Fall, Get Up, Keep At It
By Sarah Elisabeth Sawyer, 2015 Artists in Business Leadership Fellow
Just do it. This is what Gilbert Kills Pretty Enemy III (Standing Rock Sioux) tells emerging Native artists. But it was something he had to first do himself.
His 20s passed before he realized he should take the art inside him seriously. All he needed was to pick up a pen and release his emotions on paper. Or click a mouse and create the bold lines that inspired him as a kid. Through his business, Chameleon Horse Art & Design, Gilbert has branched off into more art mediums: painting, wood burning, mixed media, ledger art.
With education and support, his personal mission is to push himself. Test limits. Pour his heart and soul into all his work.
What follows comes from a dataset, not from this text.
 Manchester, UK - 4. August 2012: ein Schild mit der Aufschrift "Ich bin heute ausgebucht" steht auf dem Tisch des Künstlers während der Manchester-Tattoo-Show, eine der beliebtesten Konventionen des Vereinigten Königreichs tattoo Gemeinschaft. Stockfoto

This tenacity spills out to the artists around him in the Bear Soldier District community in McLaughlin, South Dakota. Gilbert shows other artists how every piece created is simply practice. To not worry if others don’t like what they create. Make mistakes. Fall, get up, keep at it.
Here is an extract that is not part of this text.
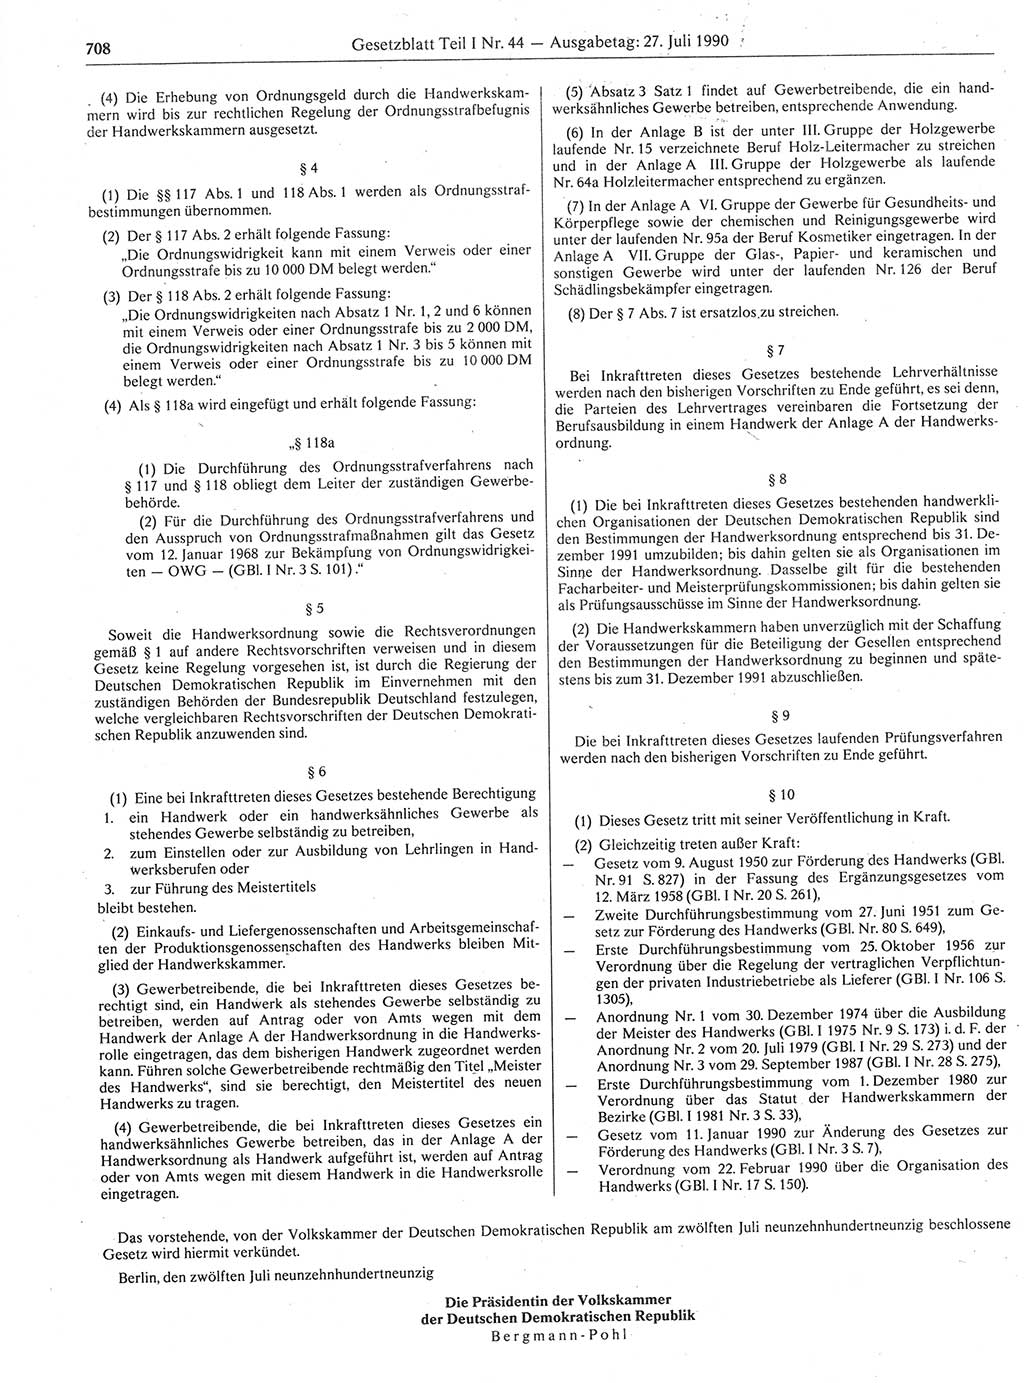 Gesetzblatt (GBl.) der Deutschen Demokratischen Republik (DDR) Teil Ⅰ 1990, Seite 708 (GBl. DDR Ⅰ 1990, S. 708)

To Gilbert, everyone is a sculptor, chiseling and sculpting themselves throughout their lives. He tells soon-to-be artists not to waste their abilities. Life is too short to wait for someone else’s approval. Just do it.
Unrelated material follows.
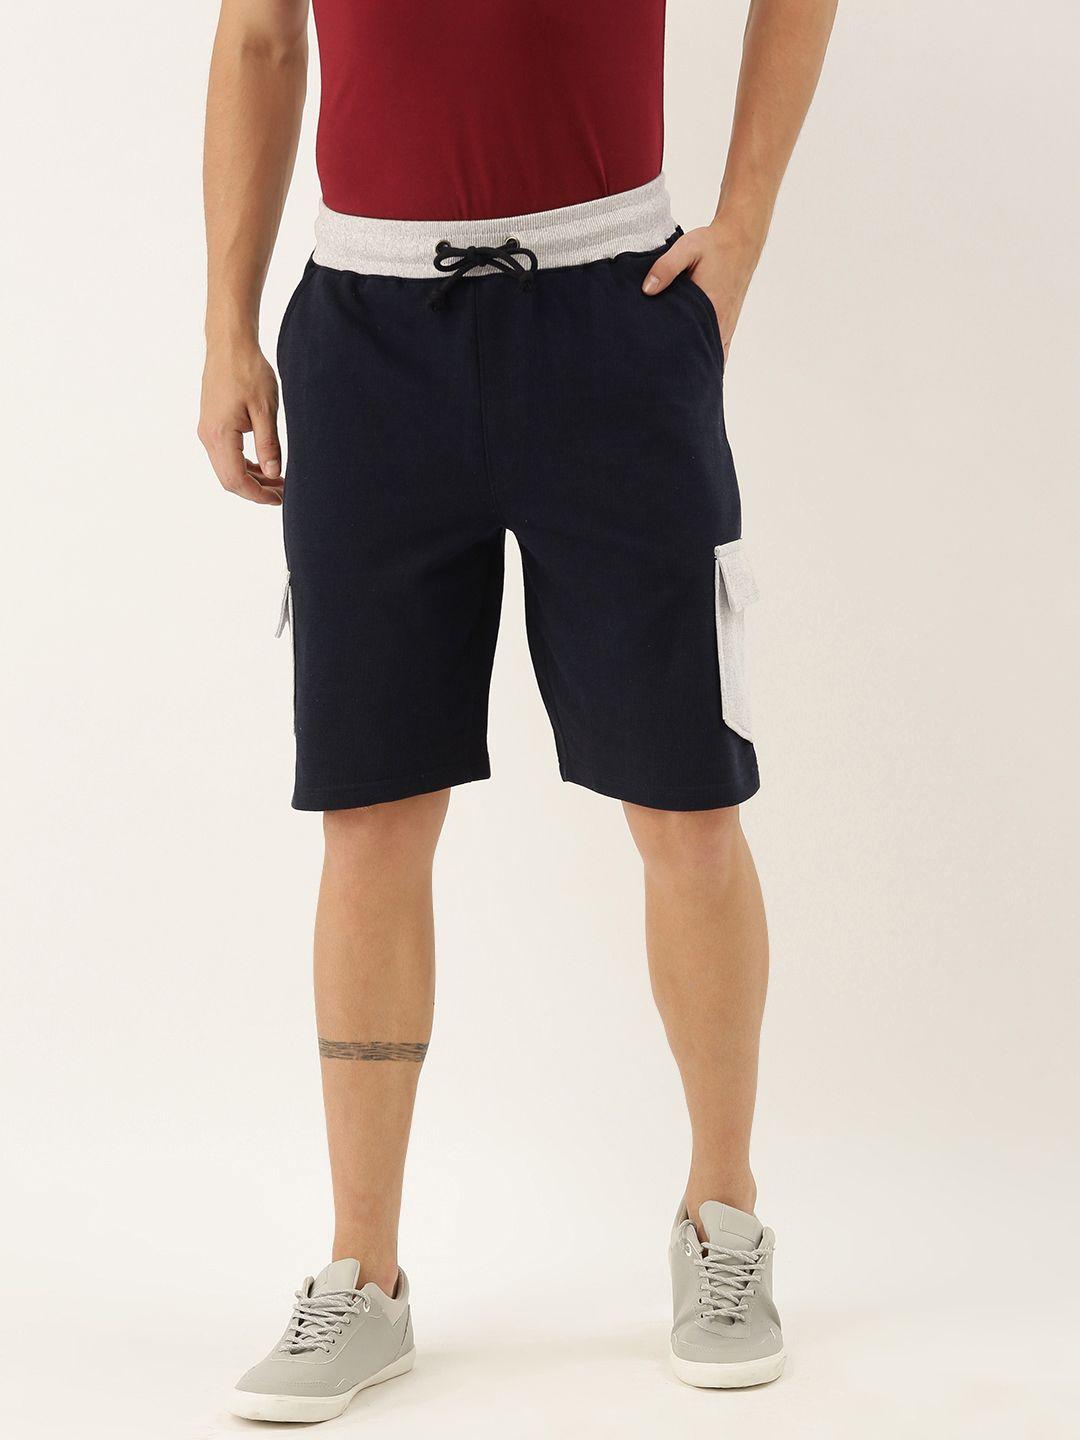 arise men navy blue solid regular fit regular shorts with contrast pocket detailing

There were times when Gilbert thought he should have gone down a different road. But at a First Peoples Fund training, he learned he wasn’t alone on this journey. There are other artists working, creating, bringing tears of healing to peoples’ eyes with their work. He’s glad he stuck with being a Native artist. He sees the happiness his art brings – the gratitude in a friend or a stranger – and that tells him he’s doing the right thing.
First Peoples Fund has helped undergird his day-to-day business as his “art changes like a chameleon, with the strength of a horse that drives him.” He just does it.